Ein Kauf der Gold-Edition lohnt sich wirklich nur für diejenigen, die Resident Evil 5 noch nicht in ihrem Regal stehen haben. Besitzer des Hauptspiels sollten lieber für knapp zehn Euro die beiden Episoden in den jeweiligen Online-Plattformen (PSN oder XBL) erwerben. Für alle anderen gilt: Unterhaltsame Action wird mit purer Panik kombiniert und in einer glänzenden Grafik präsentiert. Das Hauptspiel hat mich als alter Resi-Fan gnadenlos enttäuscht, doch immerhin wird hier mehr als solide Action geboten. Die herrlichen Boss-Kämpfe, die abwechslungsreichen Gegner und Levels, die spannende Story - ja, als Action-Fanatiker werdet ihr hier nicht mal im Ansatz enttäuscht werden.

Die zusätzlichen Episoden könnten zwar unterschiedlicher nicht sein, erweitern das Hauptspiel aber mehr als sinnvoll und bieten mit dem alten Herrenhaus und der wirklich verzweifelten Flucht überaus gute Unterhaltung.

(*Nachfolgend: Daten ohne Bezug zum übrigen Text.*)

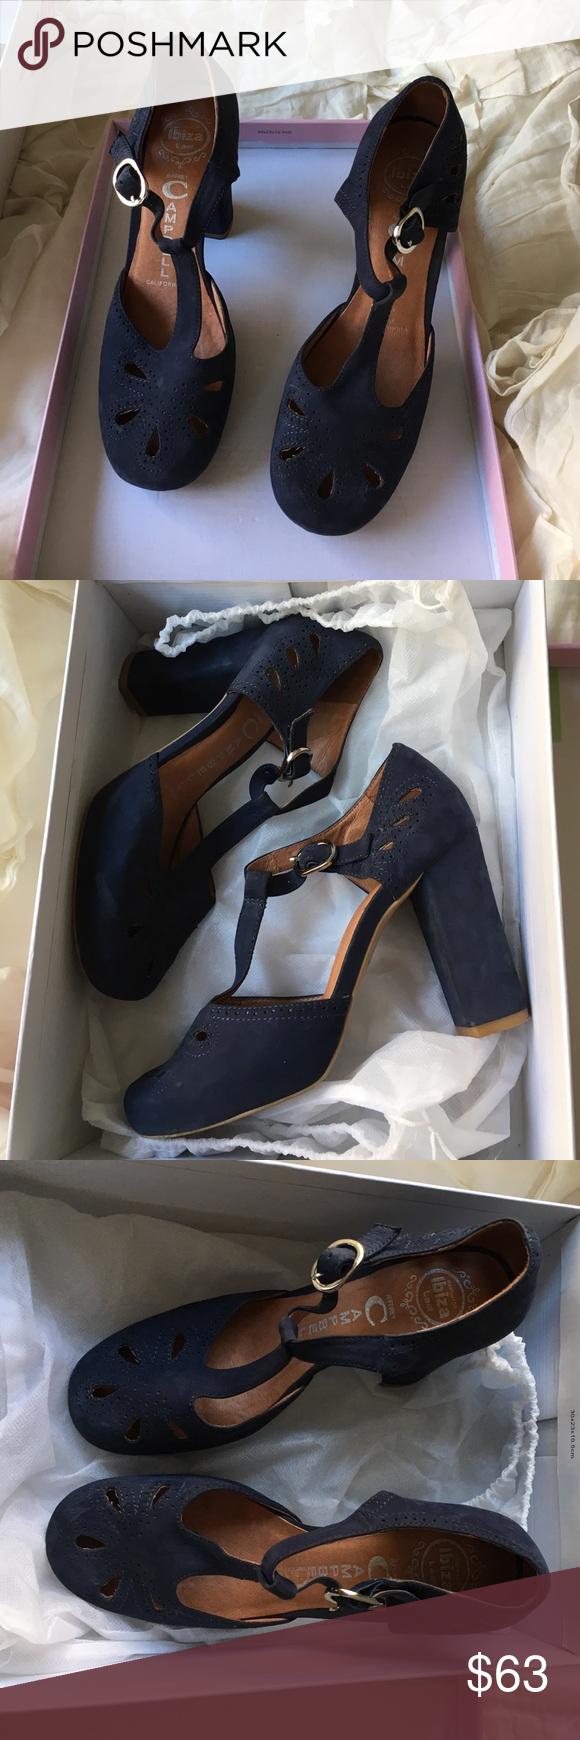 Jeffrey Campbell Maisie Navy Nubuck Jeffrey Campbell Maisie Navy Nubuck Handmade Ibiza Last size 6 Jeffrey Campbell Shoes Heels
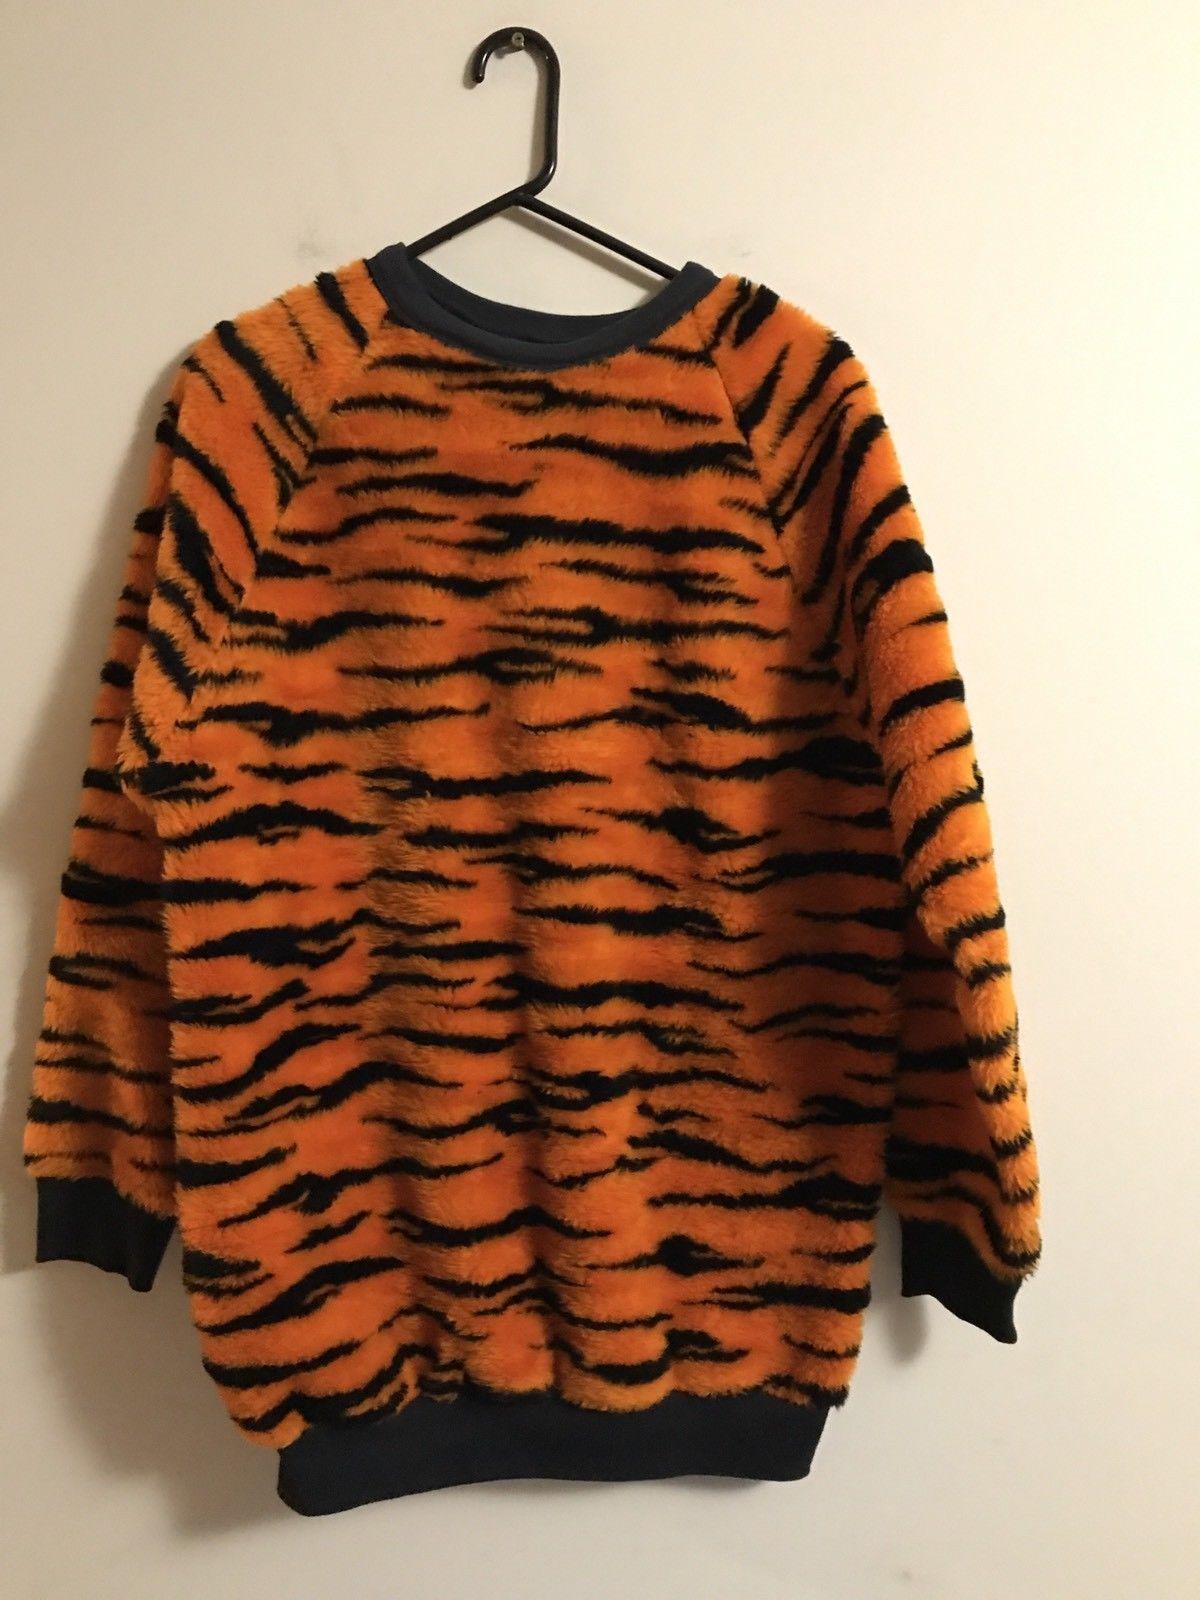 Vintage Bengal Tiger Striped Sweater Sweatshirt Size Xl Costume Heavy Cat

Also, für einen so gnadenlos günstigen Preis von knapp 40 Euro sollten Fans packender Action bedingungslos zugreifen! Fans der ersten Stunde, die noch nicht im Besitz des fünften Teils sind, sollten es sich lieber viermal überlegen. Oder fünfmal. Oder zehnmal. Wirklich.

spieletipps meint: Nur empfehlenswert für Action-Anhänger: Packendes Hauptspiel mit tollen Zusatzepisoden. Eine proppevolle Gold-Edition für knapp 40 Euro.